# Hello From Dallas!



## MrNightmare (Feb 18, 2010)

Hi everyone! Want to introduce myself, I'm a Haunter from Dallas, TX area and look forward to getting to know everyone and learning new ideas as well as share mine


----------



## RoxyBlue (Oct 6, 2008)

Welcome to the Forum, Mr Nightmare!


----------



## Joiseygal (Sep 3, 2008)

Welcome MrNightmare! I hope you enjoy the forum. Cool name


----------



## Allen H (Feb 13, 2010)

Welcome, I have only been here a few days myself, but Its a great forum.
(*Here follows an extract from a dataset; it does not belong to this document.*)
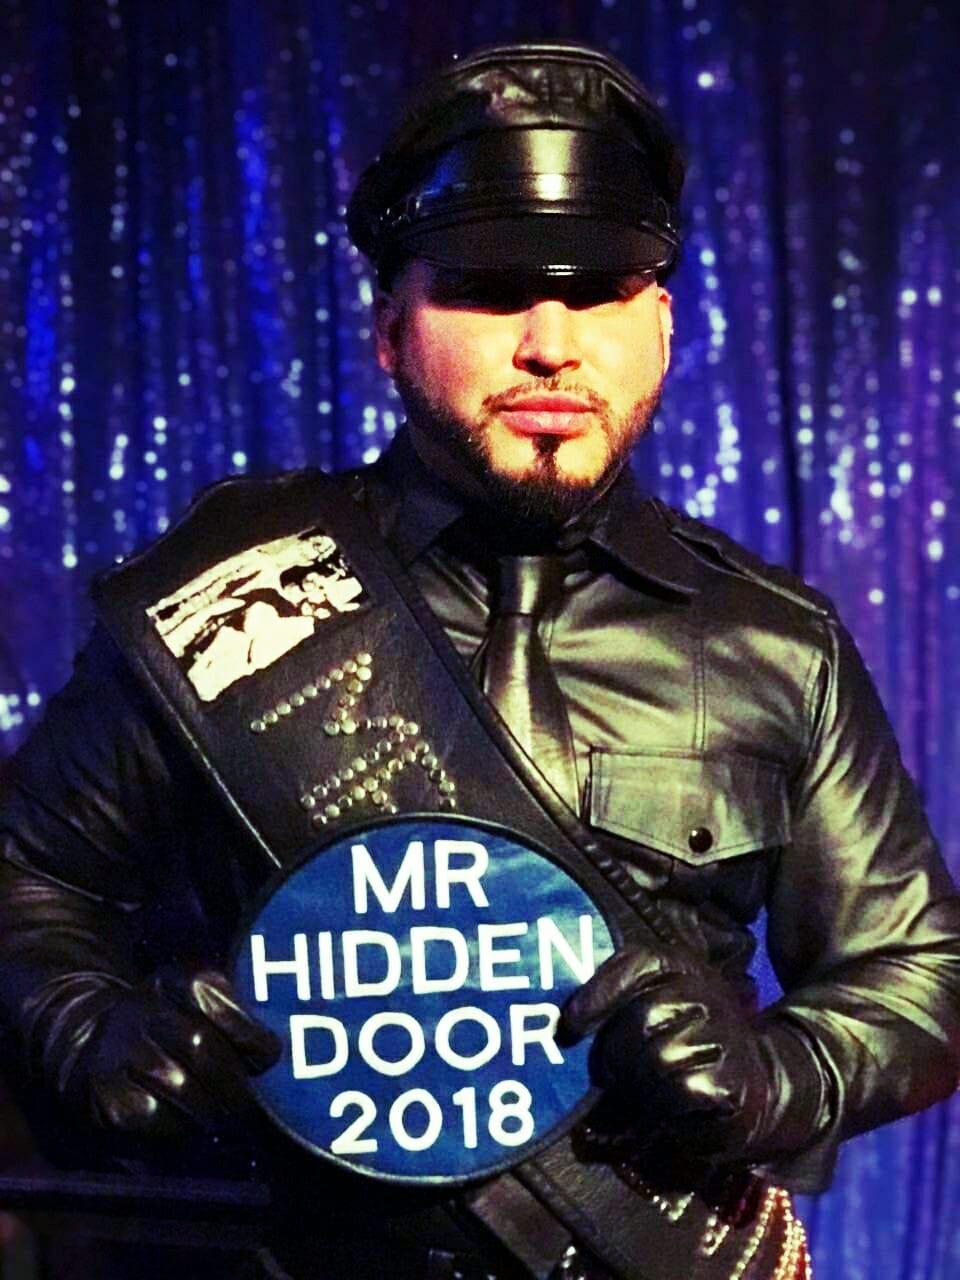 Say hello, sir, to Mr. Hidden Door 2018

What Haunt are you with?
Im in dallas also I took over as director for Screams two years ago.


----------



## GrimAftermath (Feb 15, 2010)

Hello and welcome Mr. nightmare!


----------



## fick209 (Aug 31, 2009)

Welcome to the forum MrNightmare


----------



## Hauntiholik (May 17, 2006)

Welcome to the forum


----------



## Howlinmadjack (Jul 20, 2009)

Hey, welcome to the forum! Hope to see some of your stuff!!


----------



## ScreamingScarecrow (Oct 1, 2008)

Welcome Aboard!


----------



## madmomma (Jul 1, 2009)

Welcome Mr. Nightmare! Glad to have you join us!


----------



## Frighteners Entertainment (Jan 24, 2006)

Welcome MrNightmare!


----------



## IMU (Apr 8, 2009)

Hello and Welcome


----------



## morbidmike (Sep 11, 2009)

welcome and have fun


----------



## SPOOKY J (Nov 20, 2009)

Hello and welcome.


----------



## Haunted Bayou (Feb 16, 2007)

Yeah..more north Texas haunters.


----------



## steveshauntedyard (Nov 16, 2008)

Welcome


----------



## SKAustin (Dec 12, 2009)

Greetings and welcome. This is a really great place. Great group of people, and lot's of creativity flows through the veins here.


----------



## spideranne (Jul 17, 2006)

Welcome!


----------



## Vlad (Aug 2, 2005)

Greetings and welcome


----------



## scareme (Aug 29, 2006)

Hi and welcome to the forum. We have some great times in Dallas. We'll let you know the next time we get together.


----------